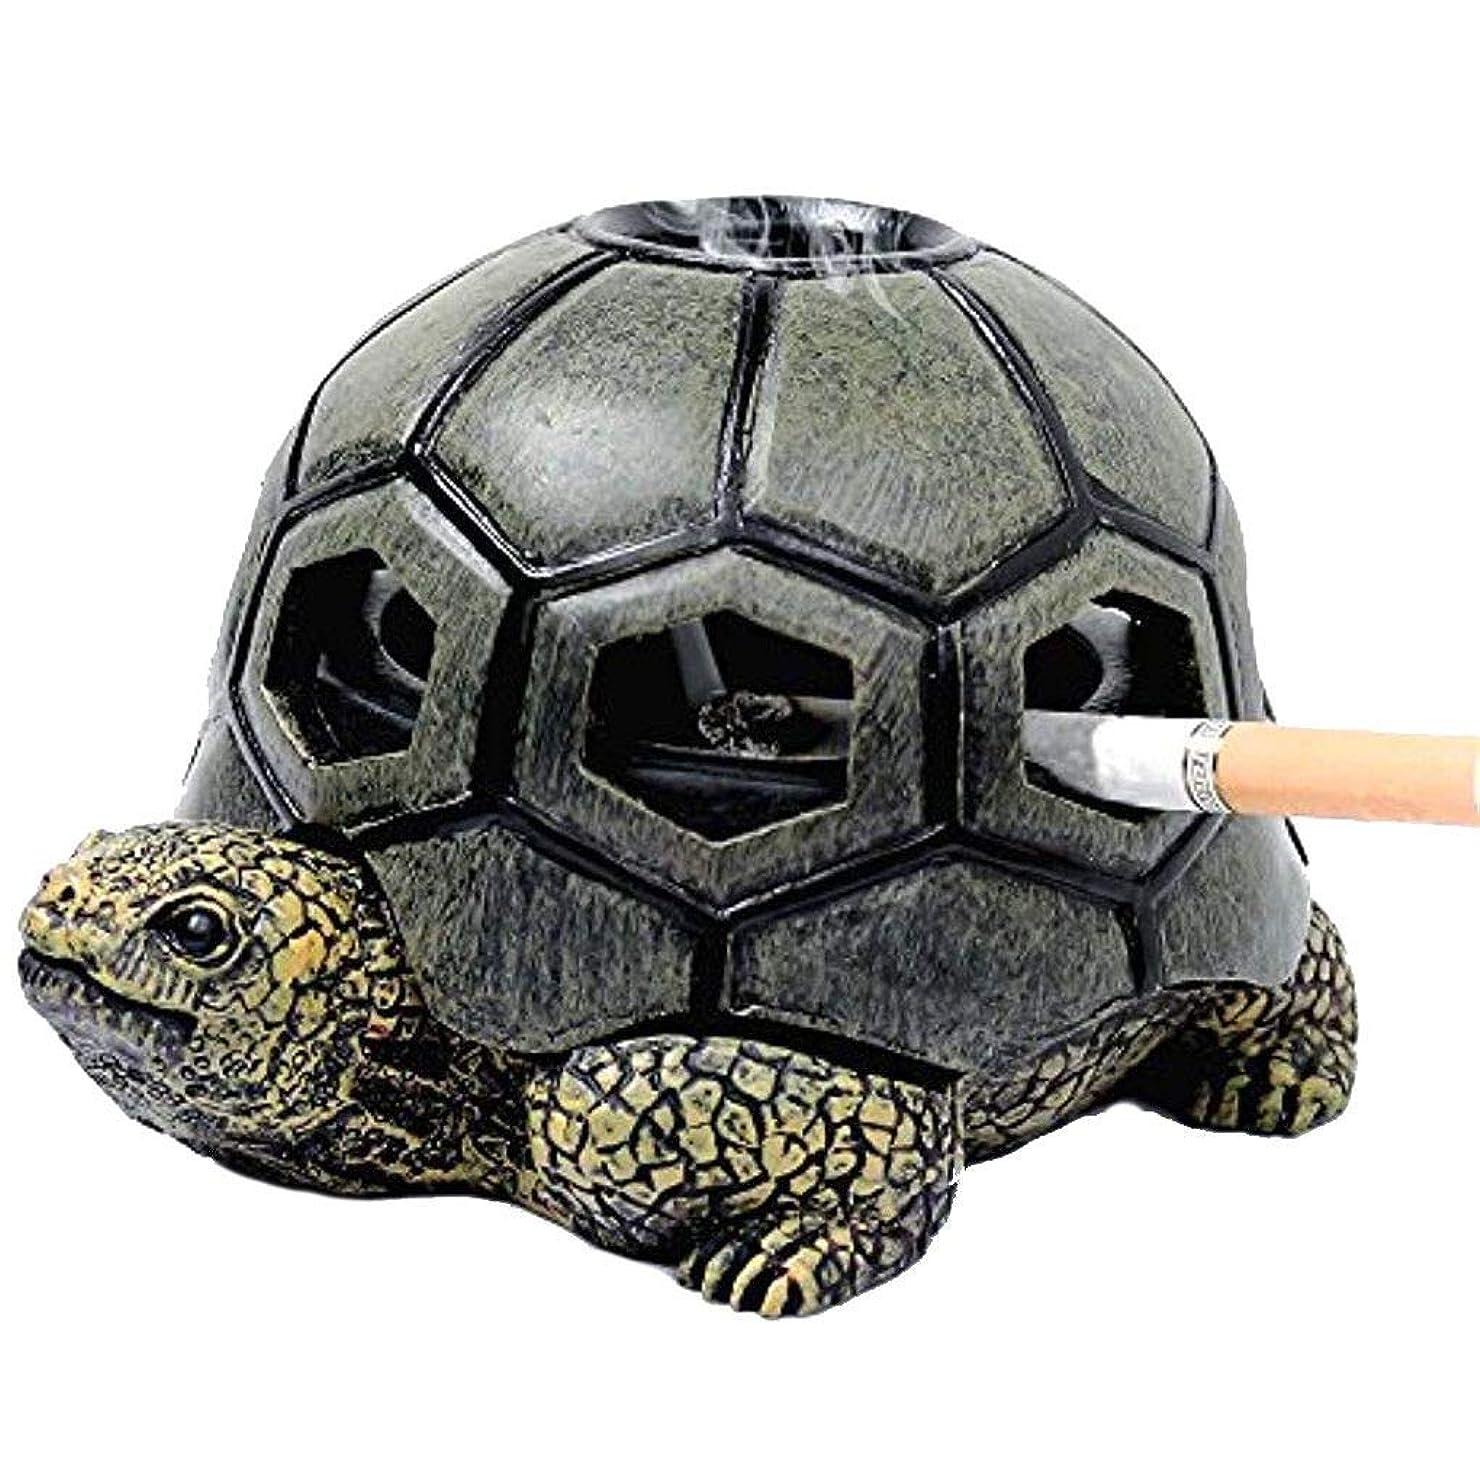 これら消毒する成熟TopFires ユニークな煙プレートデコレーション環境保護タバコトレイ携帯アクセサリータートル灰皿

---

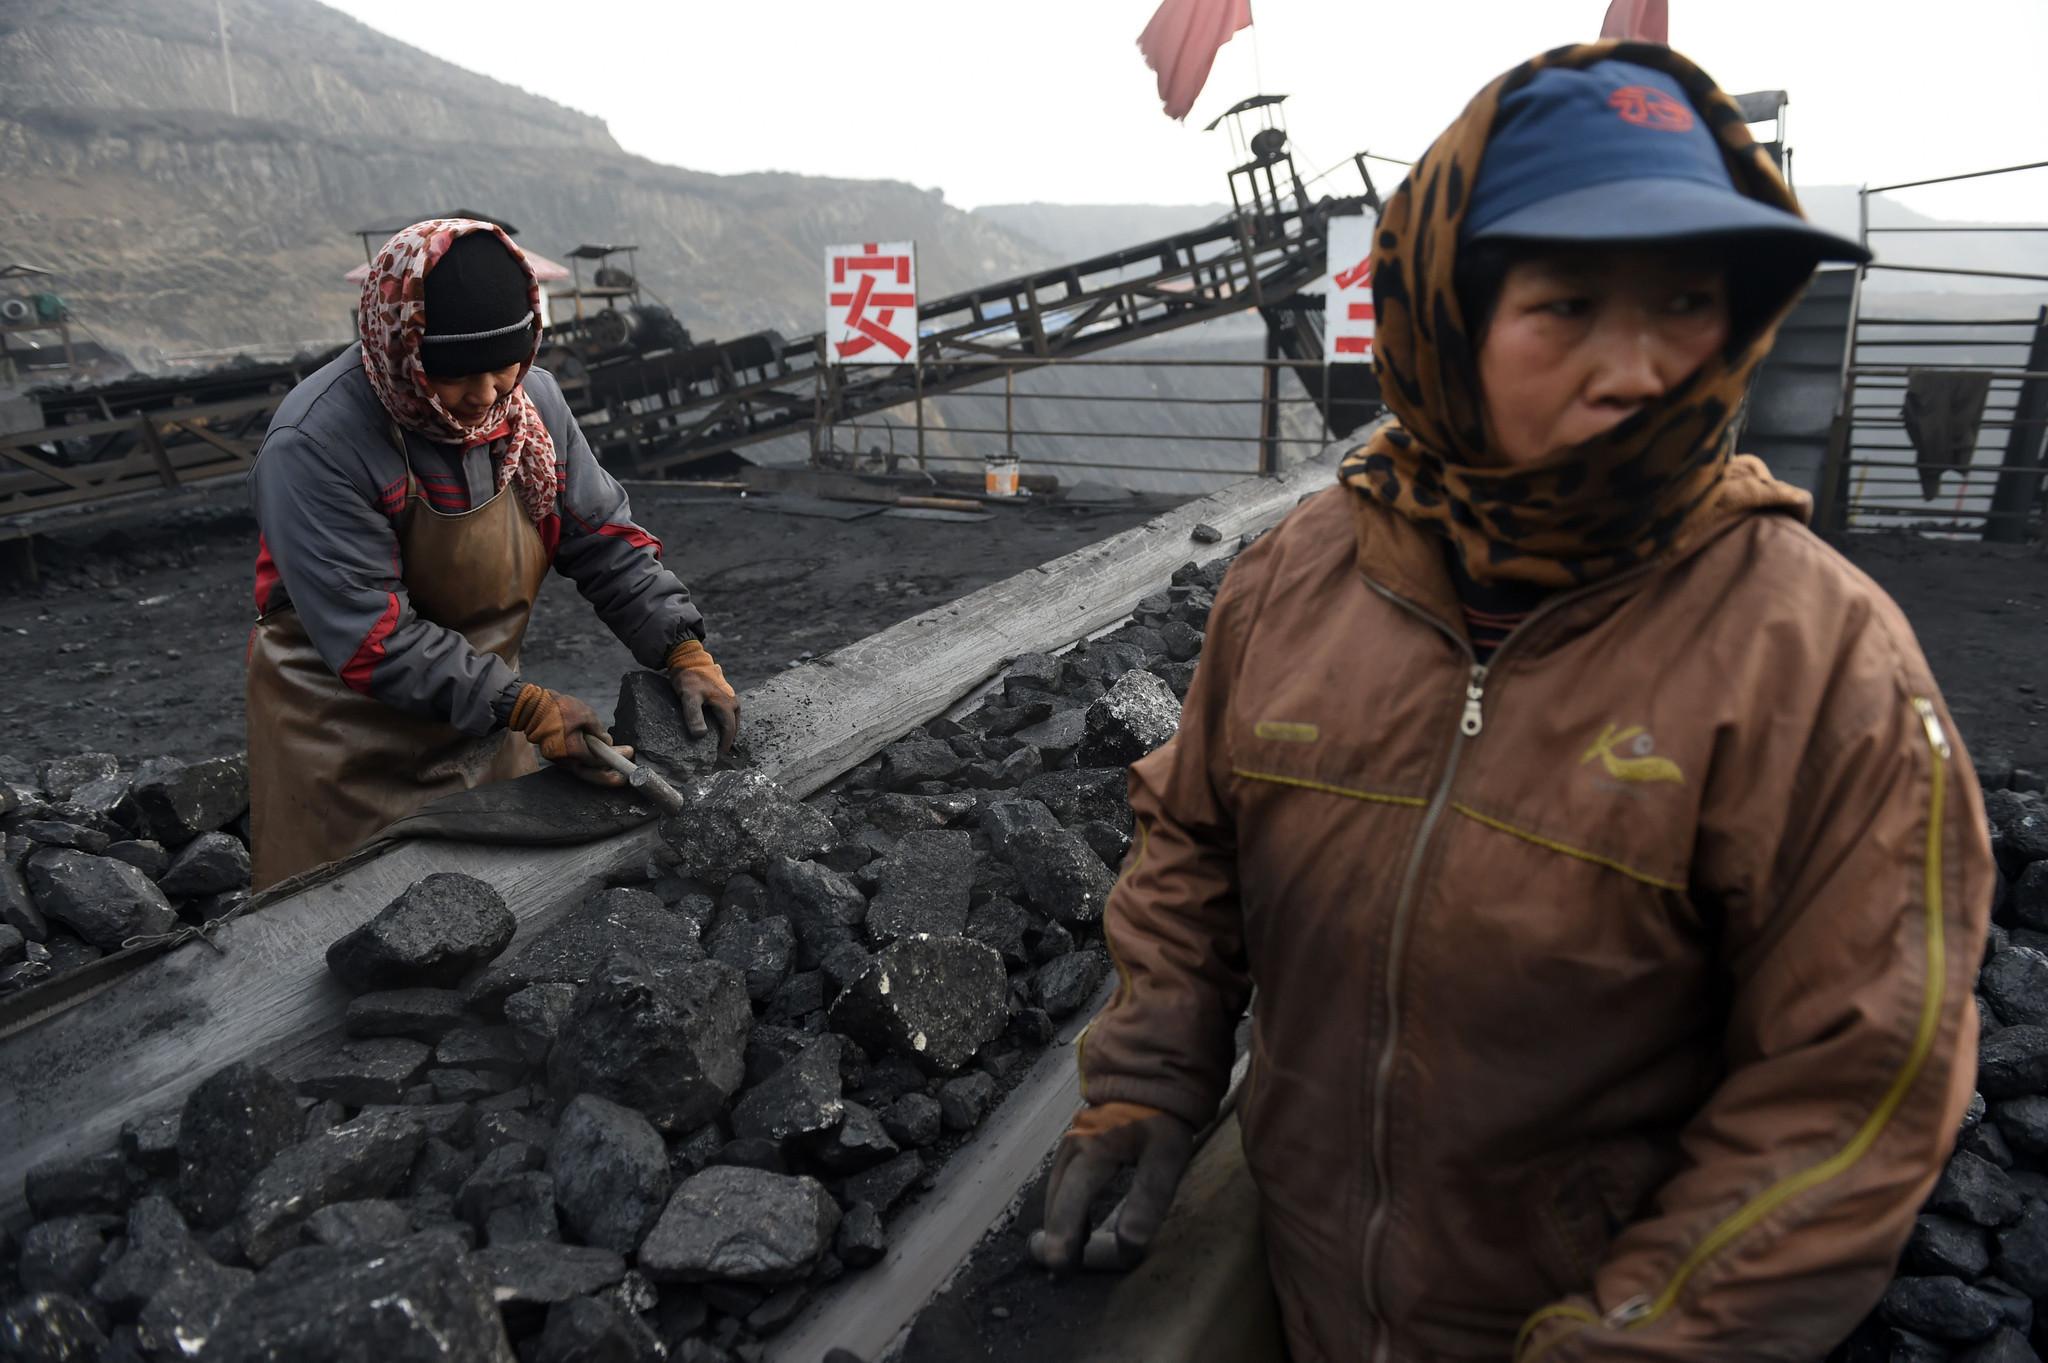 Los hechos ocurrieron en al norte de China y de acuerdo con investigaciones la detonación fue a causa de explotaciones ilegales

--

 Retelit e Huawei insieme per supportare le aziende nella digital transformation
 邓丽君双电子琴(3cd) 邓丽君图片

**THE TASK:** Reproduce exactly the lines of the records above from the one with "Retelit e Huawei" to the one with "邓丽君双电子琴(3cd) 邓丽君图片", both included, and leave out everything else.

**RESPONSE BELOW:**
 Retelit e Huawei insieme per supportare le aziende nella digital transformation
 邓丽君双电子琴(3cd) 邓丽君图片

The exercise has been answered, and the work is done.